Measurement objectives: ① Timing of crack initiation/propagation; ② Y-direction displacement field; ③ X-direction strain field.
Diagram of the four-point bending test setup and DIC measurement system.
DIC Measurement System Configuration
Image Acquisition System: Binocular XTDIC-5M 3D full-field strain measurement system (resolution: 2448 × 2048)
Lens: 25mm fixed-focal-length industrial lens
Light Source: Ring-type blue LED cold light source
Speckle Patterning: Matte white base coat + black random speckle pattern
DIC Software Data Analysis
Crack Identification: Crack location determined via displacement discontinuity bands and strain concentration zones
Full-field Analysis: Calculation of Y-direction displacement contour maps, displacement curves at key points, and X-direction strain fields
Interlayer Influence: Comparison of strain gradients, crack propagation rates, and displacement distributions across the three specimen types
3. Experimental Results and Analysis
Dynamic Crack Evolution Characteristics
Specimen No. 1 (No interlayer):
Crack initiates at the bottom of the mid-span and propagates rapidly through the section in the vertical direction;
When crack width ≥ 0.3 mm, Y-direction displacement increases sharply (displacement curve exhibits a step-like jump)
Y-direction displacement field response: Symmetrical parabolic pattern, concentrated at mid-span
X-direction strain concentration: Analysis of peak strain at mid-span; monitoring of crack initiation and evolution (tensile zone)
Y-direction displacement contour plot and point-specific curves
Variation of strain in the X-direction
Specimen 2 (Doped with A)
Cracks deflect at the interlayer interface, and interlayer A retards crack propagation.
Y-direction displacement field response: The sandwich structure alters the bending moment transmission path, leading to a reconfiguration of the displacement field; a bimodal distribution is observed, with displacement suppressed in the interlayer region.

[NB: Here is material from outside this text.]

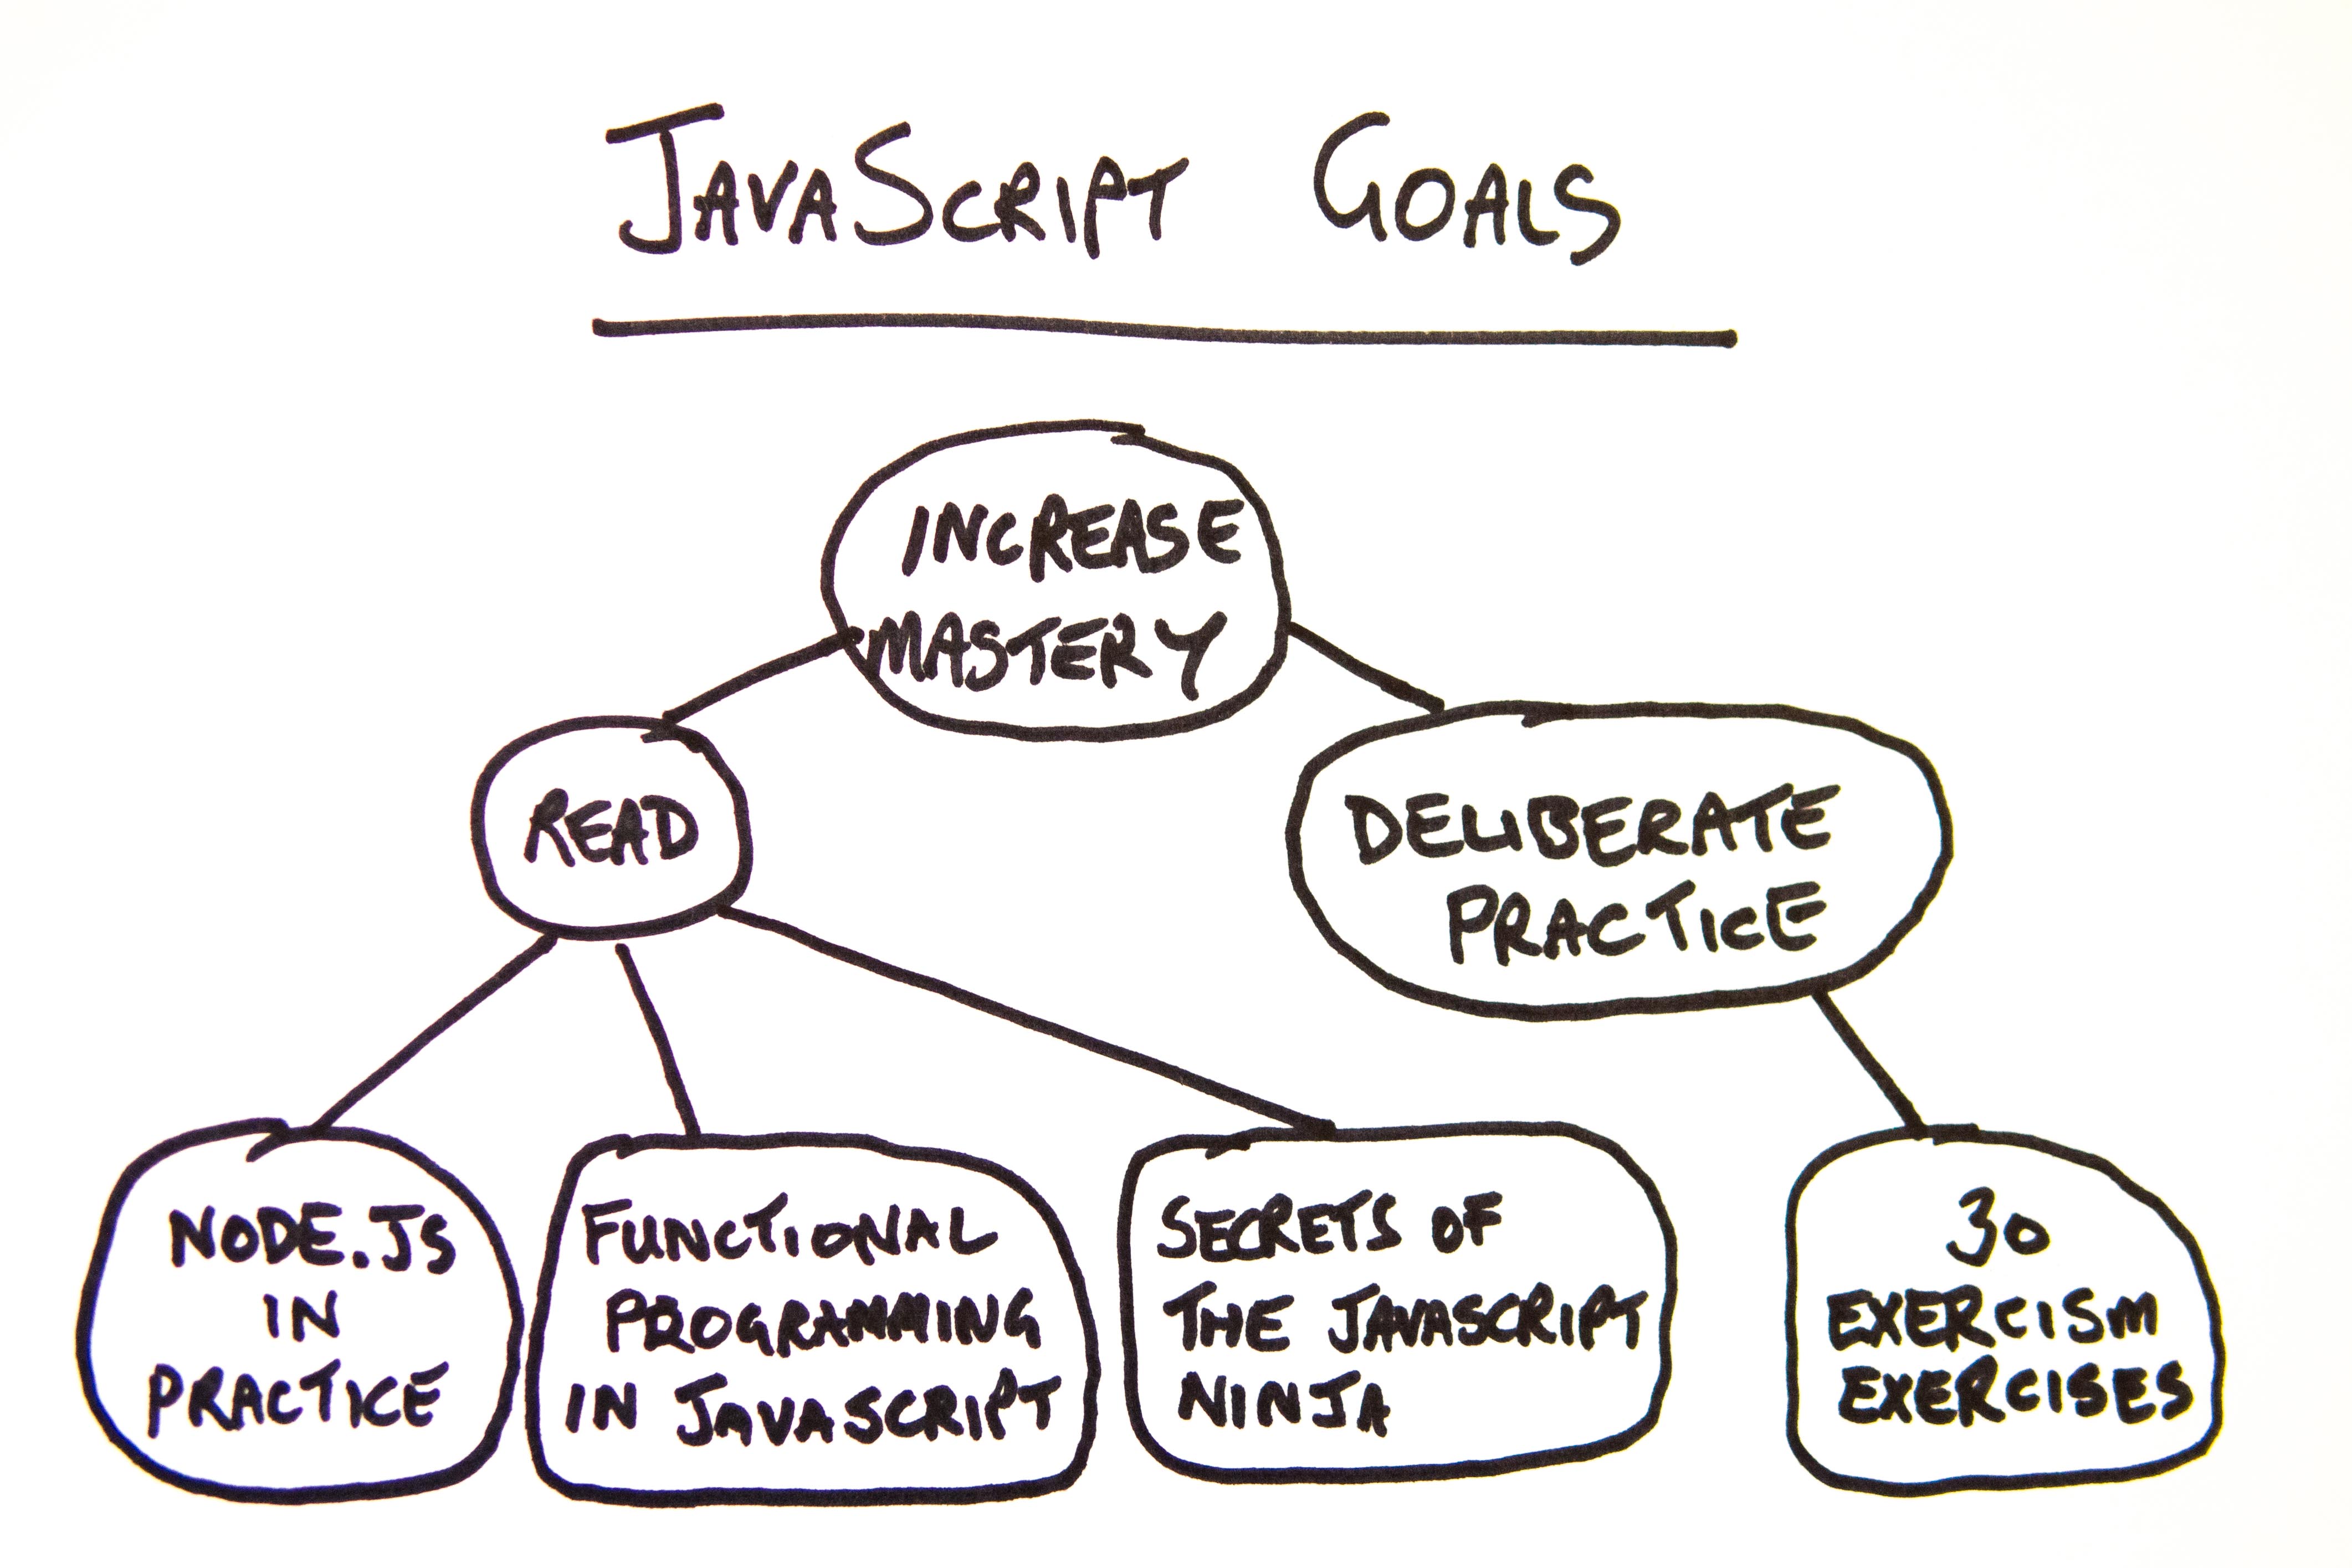 JavaScript goals

X-direction strain concentration behavior: Elevated strain gradients occur at the interlayer interface.
Y-direction displacement contour plot and point displacement curve
X-direction strain – crack initiation process
Specimen 3 (Boron-doped)
The boron interlayer induces multiple crack branches, reducing the propagation rate of the main crack.
Y-direction displacement field response: Multiple extreme points, corresponding to crack branching locations.
X-direction strain concentration behavior: High-strain zones form at the crack tips.
Y-direction displacement contour plot and point displacement curve
X-direction strain – crack initiation process
4. Conclusions and Engineering Significance
Effectiveness of DIC Technology: DIC technology successfully enabled the dynamic tracking of concrete flexural cracks from initiation to propagation and quantified the interfacial effects and crack-suppression mechanisms of the sandwich structures through displacement and strain field analysis.
Mechanisms of Sandwich Structure Influence: Sandwich A delayed crack propagation through the redistribution of interfacial strain; Sandwich B induced a multi-crack system to dissipate energy, thereby reducing the risk associated with the primary crack; specimens without an interlayer exhibited characteristic brittle fracture behavior.
Engineering Application Value: Provides optimization strategies for the crack-resistant design of sandwich concrete panels (e.g., interface strengthening, selection of ductile interlayers) and establishes strain thresholds for cracking to serve as a basis for early warning against concrete fracture damage.